Bull Running For Girlsl
Page 19
“Now, I don’t mean to scare you but there is a woman by your side with a scowl on her face and I have to say that she isn’t happy with you. Can you place her?”
Jean shook her head.
“Well, she says that she is here for you—well not here for you but wanting to tell you about her confusion.”
Another shake of the head.
“Does the name Jean mean anything to you?”
“My name is Jean.”
“I’m sorry. You’re Jean? She says that you know her. She’s definitely here for you, my love, and she’s showing me a picture of a train…not a train…but a train station..but she can’t remember why. Another Jean and a train or a train station—do those details mean anything to you?”
Jean shook her head again.
“Would you like to join me on the couch, my love? Perhaps we can help this person remember what happened. She is very distressed.”
Calvin addressed the spirit to his left where the audience could see nothing. “All right, my dear, we’ll sort it out,” and he pointed directly at Jean.
“Yes—you my dear. I have a person here who clearly wants me to talk to you on her behalf, but is holding back.”
Jean shifted uncomfortably in her seat.
Calvin turned to talk to the invisible person at his side. “Don’t be shy love—I’m here to help you. I’m here in this world to help you communicate from the next. That’s it love, come on through—”

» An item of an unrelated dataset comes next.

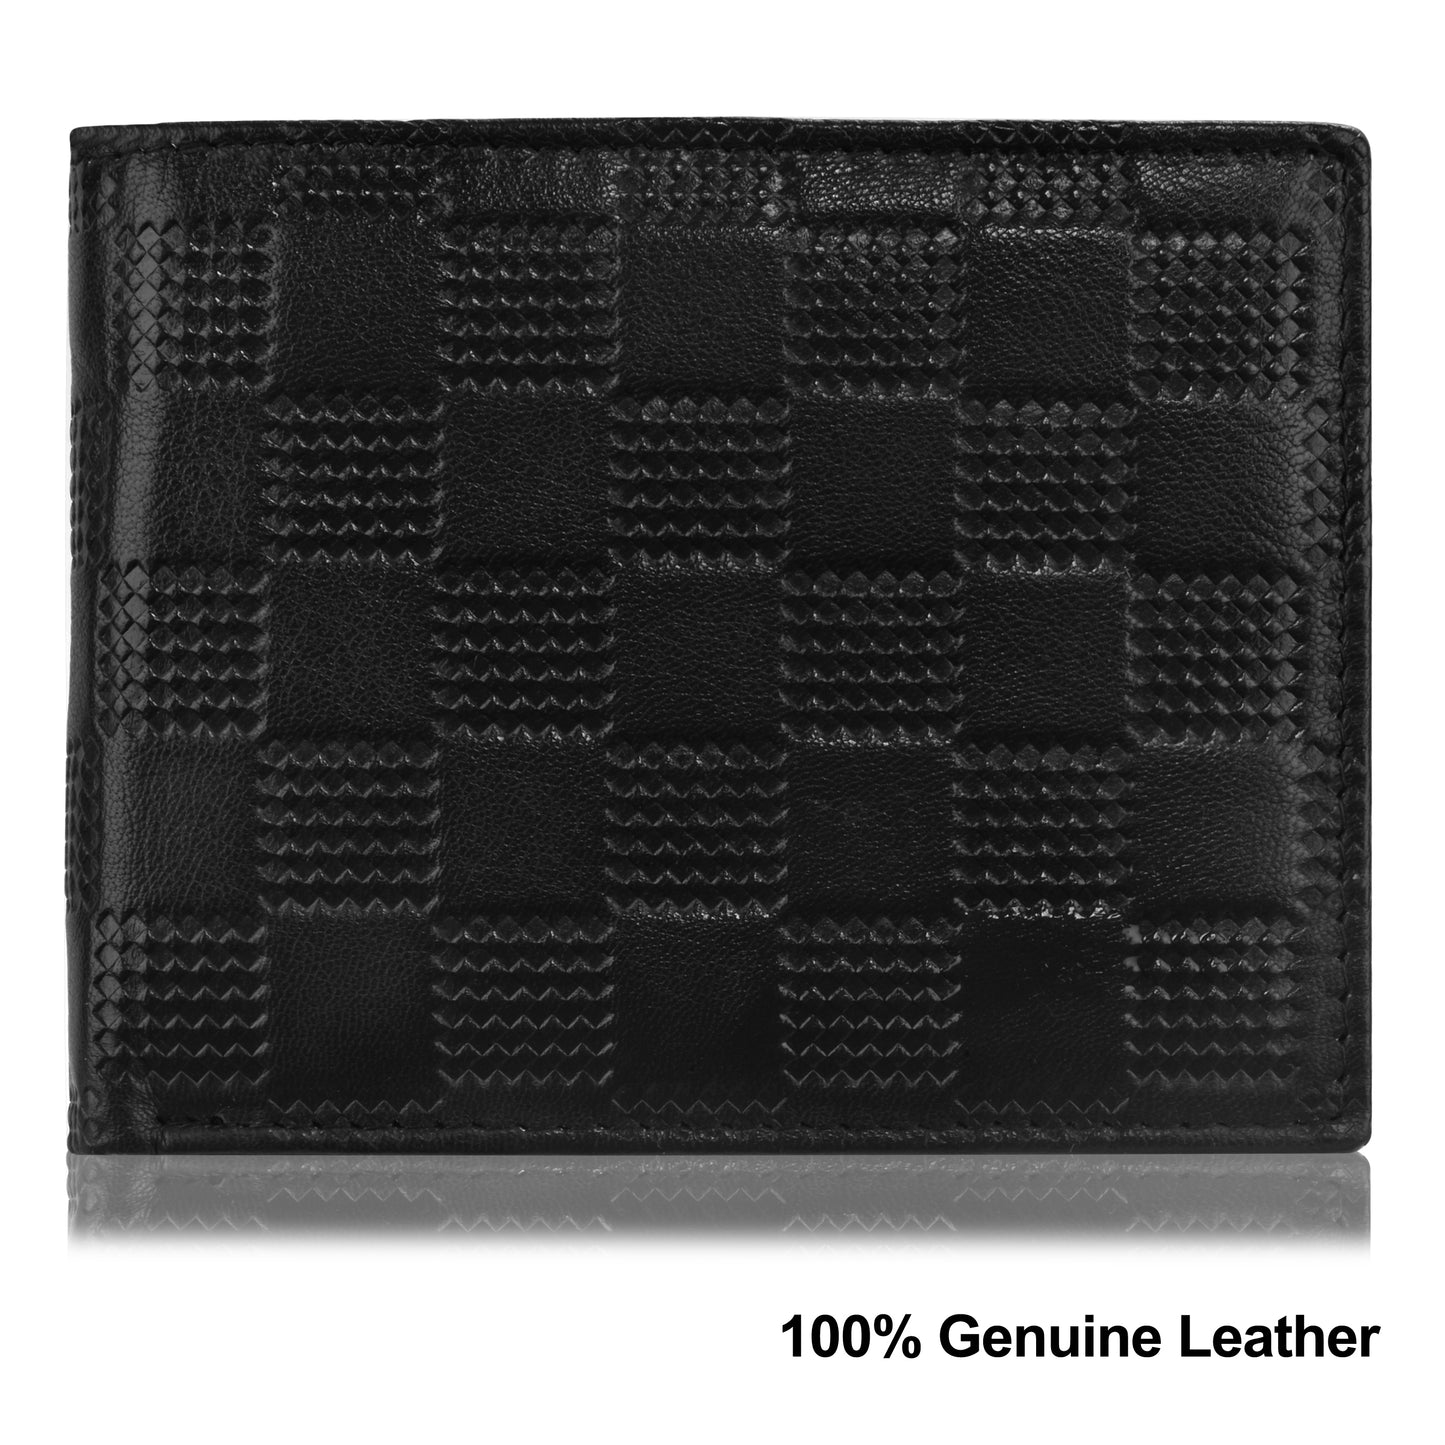 Lorenz Bi-Fold Embossed Box Pattern Black RFID Blocking Leather Wallet for Men with Zipper Coin Pocket & ID Card Feature
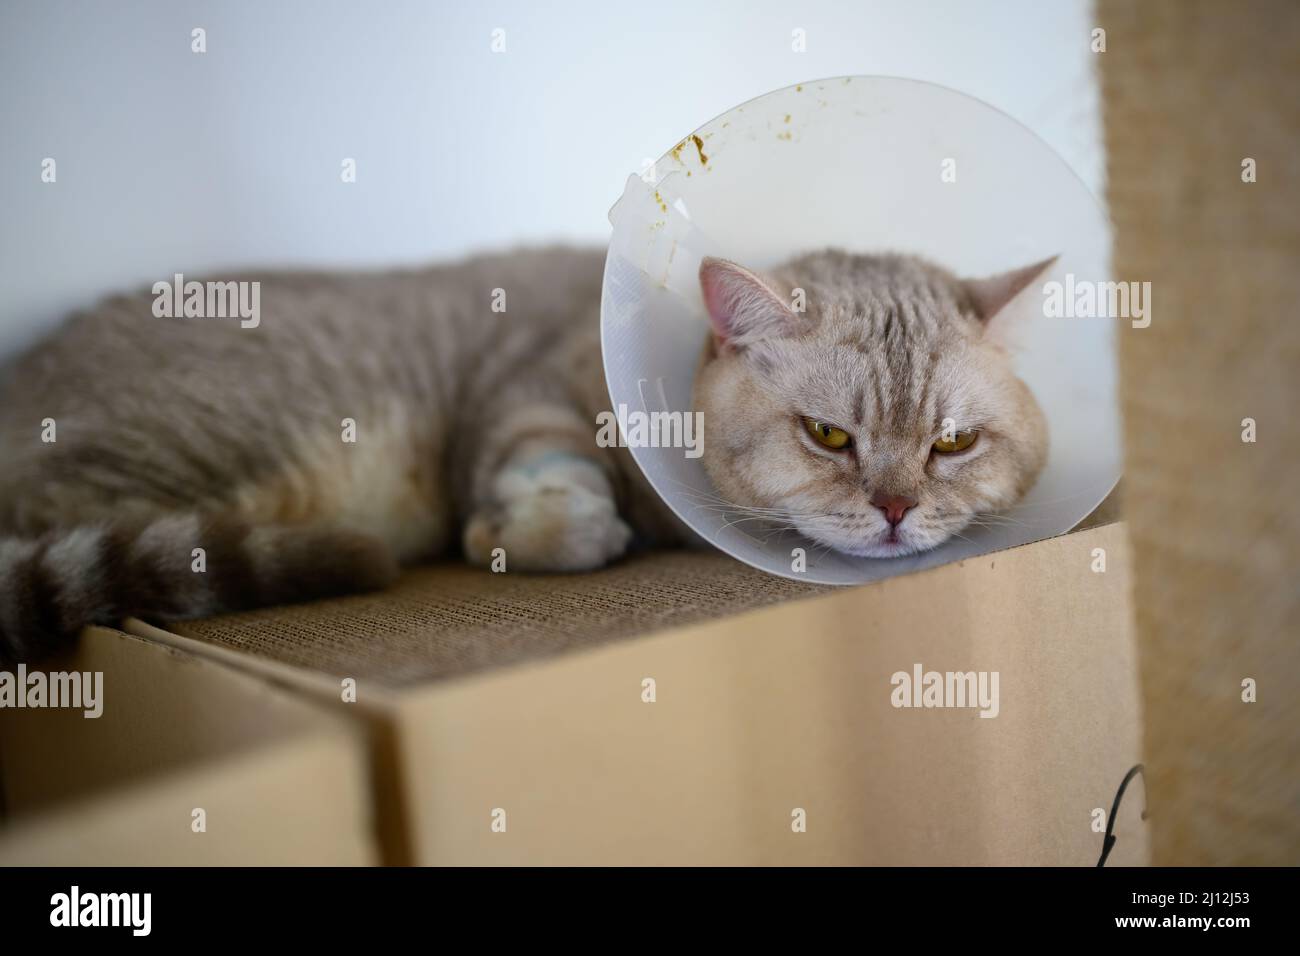 Young cat wears plastic collar to prevent licking, sleepy tabby It's sleeping on a cardboard box, Poor Sick Cat is tired of wearing a collar on its ne Stock Photo

Calvin had a small, reverent smile on his face as he stepped back. His expression then changed, it contorted with his effort to speak. The alteration was dramatic: he looked like someone who was in great pain and his features were definitely not his own.
The audience gasped and one or two got up to make their way out of the studio.
“Stop!” he said in a commanding voice.
Everyone trying to leave the studio halted immediately. Some in the audience were quite clearly terrified, others looked on with scepticism, and still others just stared open mouthed.
Calvin began to speak. “She was there at my death. I wish to speak to Jean. My name is Jean.”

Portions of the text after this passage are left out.